The fund focuses on a building’s financial costs throughout its lifetime, which includes keeping operational and maintenance costs low. The fund also goes to great lengths during the construction process to consult with neighbours and “heighten the social qualities” of the building. 

As well as the resulting property, the building process must be sustainable. To this end, PensionDanmark addresses waste management and energy-consumption management at the construction site and requires documentation of used materials.

On the cost of incorporating sustainability into new builds, Möger Pedersen says the expense is worth it. “There is a very good business case for executing a sustainable approach. For us, doing things this way is attractive because we are also focusing on the financial sustainability of our real estate.”

By concentrating on the efficient use of energy in office space, the investor ends up with a building that is not only of high quality for the tenants, but also has a high financial value for the owner. “There’s no longer any contradiction between building for profit and building sustainably – we have developed models where you can do both at the same time,” Möger Pedersen says. “Sustainable buildings have a higher value than non-sustainable ones, if you look at the lifecycle of the property.”

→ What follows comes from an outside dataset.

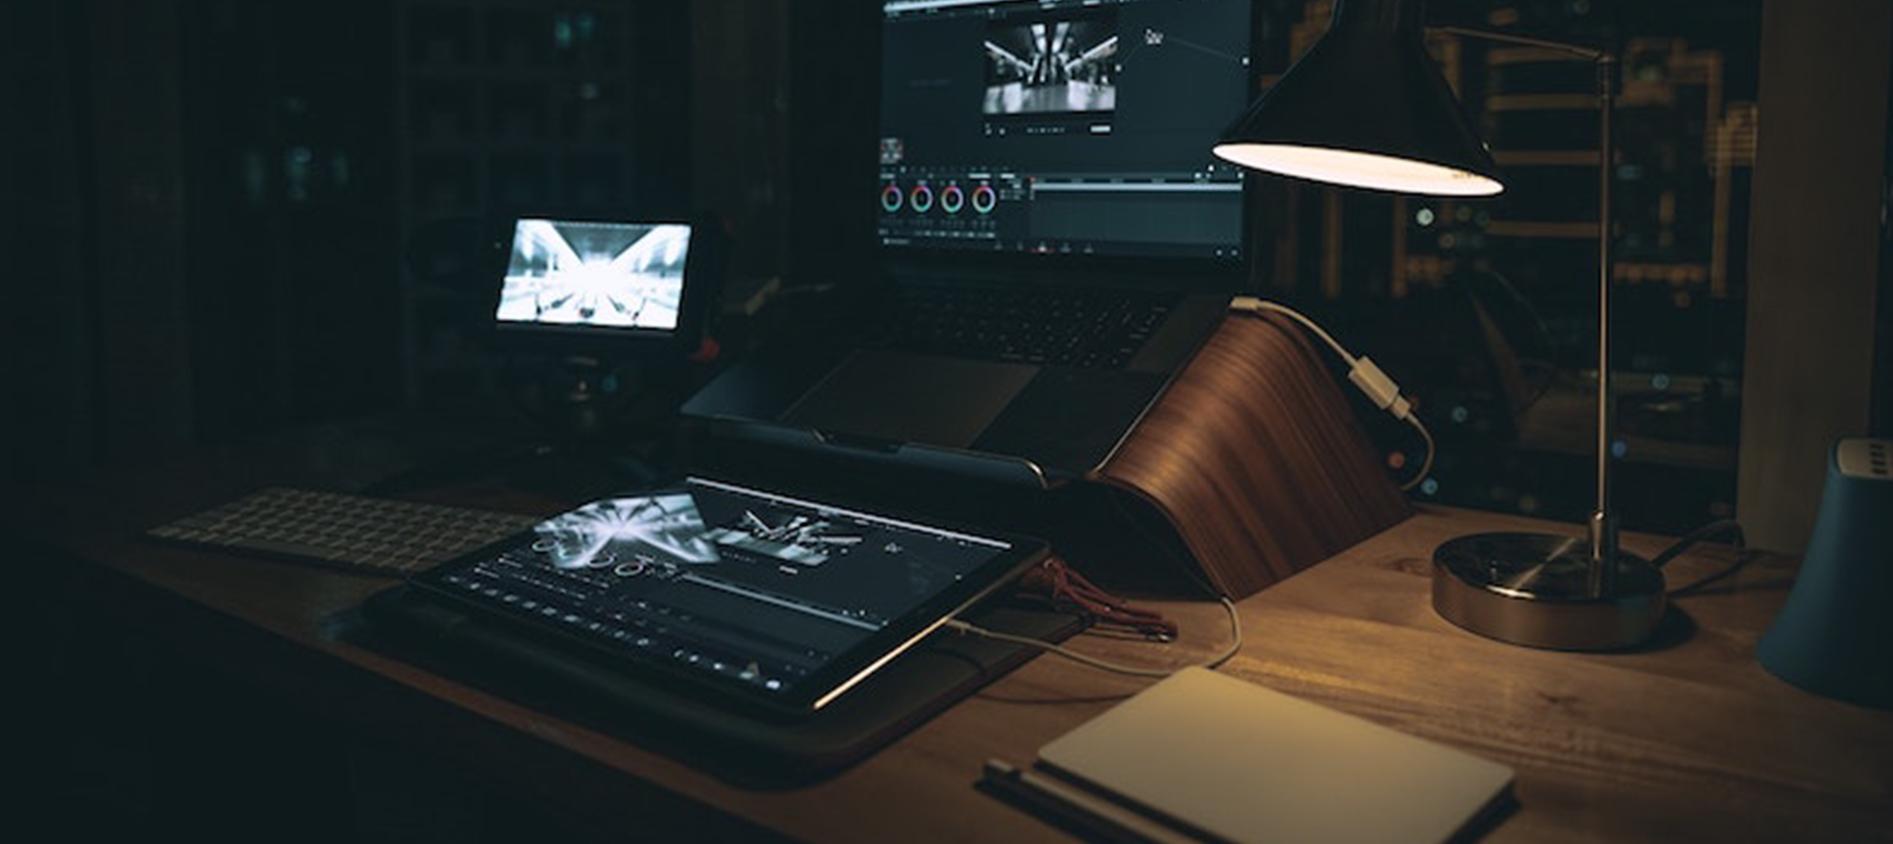 kanne jeg feste opp meg Mac mini å meg iMac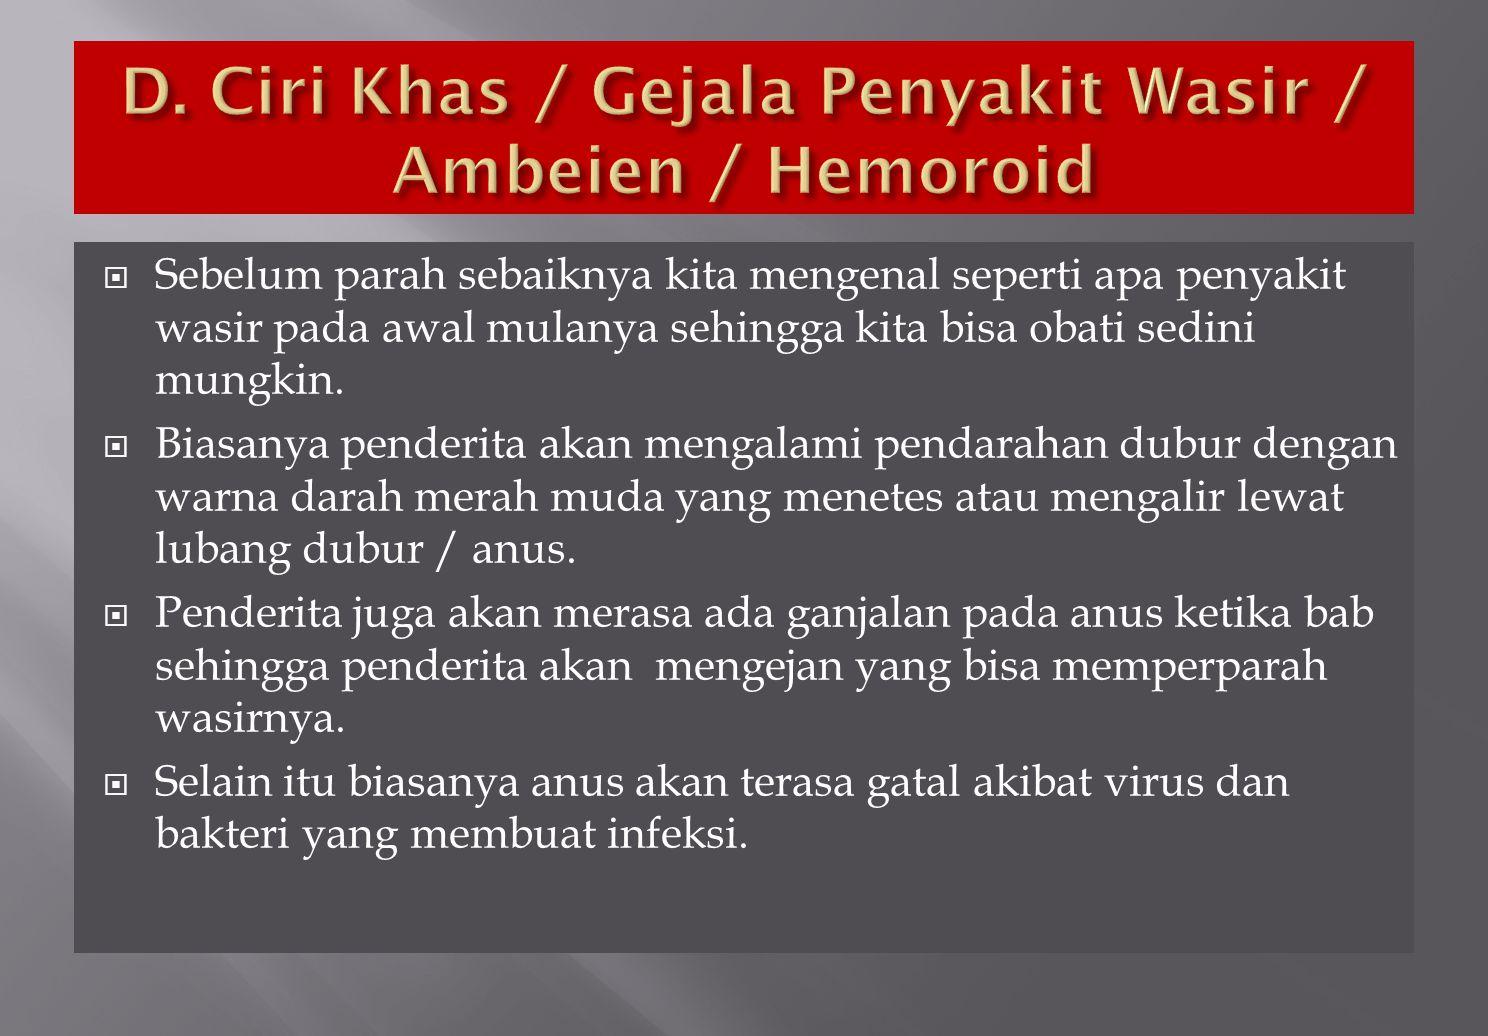 D. Ciri Khas / Gejala Penyakit Wasir / Ambeien / Hemoroid

Neither does a commitment to sustainability in construction limit the pool of potential partners an investor can choose from. “That was the case five years ago when we were the only large investor applying sustainability to our buildings. But now there are a lot of companies, such as engineering and construction companies, that are actually very eager to become partners with us precisely because of our approach. They see the need to develop their own capacities and skills in this area, and working with us may be an opportunity to do that,” he says.

Social sustainability is part and parcel of the external certification schemes and PensionDanmark’s new programme. Labour practices form an important element of this, with 10% of working hours on new building projects to be delivered by apprentices.

“We demand that all our contractors involved in the construction phase also have good labour relations – they have to adhere to Danish collective agreements,” he says. “Sustainability is defined in a holistic way, encompassing not only energy efficiency but also the sourcing of the building material, quality of the product and the final property itself. 

“You have to have high standards on all parameters in this business, not least because in the next few years you will see these standards becoming more defined. Potential tenants looking for new office space will look for facilities that have these features, so market power will be an important driver for this development on the demand side.”